Longest increasing sub-sequence
The longest increasing sub-sequence problem is to find a sub-sequence of a given sequence in which the sub-sequence's elements are in sorted order, lowest to highest, and in which the sub-sequence is as long as possible. The longest increasing sub-sequence is solvable in O(nlogn) time complexity and O(n) space complexity in worst scenario.
In the first 16 terms of the binary Van der Corput sequence
- 0, 8, 4, 12, 2, 10, 6, 14, 1, 9, 5, 13, 3, 11, 7, 15
a longest increasing sub-sequence is
- 0, 2, 6, 9, 11, 15.
This sub-sequence has length six; the input sequence has no seven-member increasing sub-sequences. The longest increasing sub-sequence in this example is not unique: for instance,
- 0, 4, 6, 9, 11, 15 or 0, 4, 6, 9, 13, 15
are other increasing sub-sequence of equal length in the same input sequence.

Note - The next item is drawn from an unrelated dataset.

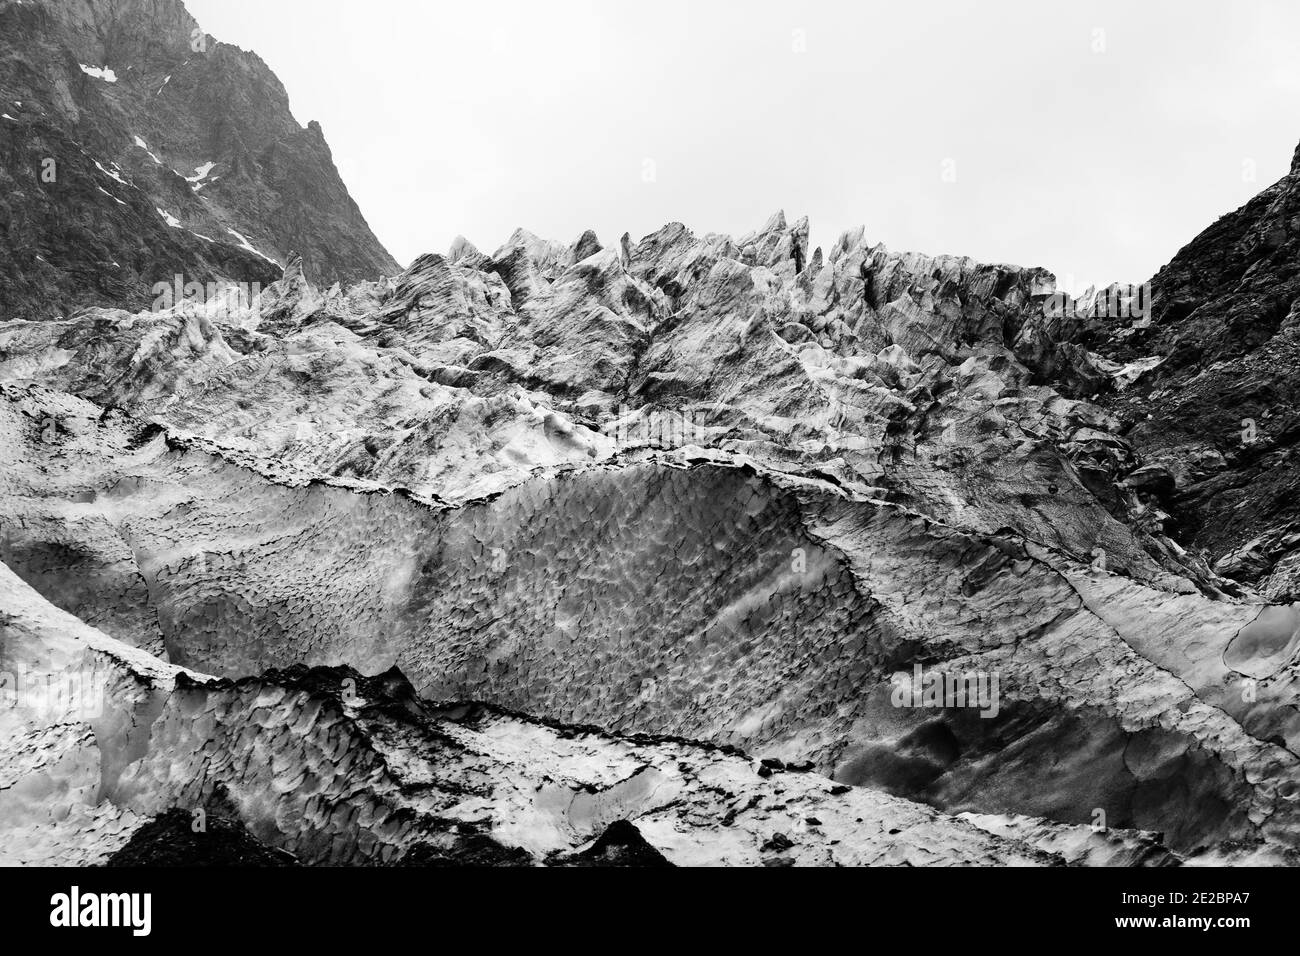 Glacier avec des crevasses profondes couvertes de neige et de terre dans les hautes montagnes rocheuses le jour gris. Montagnes du Caucase. Géorgie, région de Svanetia. Emplacement distant Banque D'Images

See the figure below as to how it is done.
We have similar approach in which we check the following condition before inserting an element in a sorted array
Case 1
If next element is already greater than the last element of the sorted array. Add it in the last of the sorted array.
Case 2
If next element is less than the first element of the sorted array. then replace it with first element in the sorted array with this element.
Case 3
If A[i] is in between, we will find an index in list such that for every 0<=j<=n in the list, A[i]>list(j)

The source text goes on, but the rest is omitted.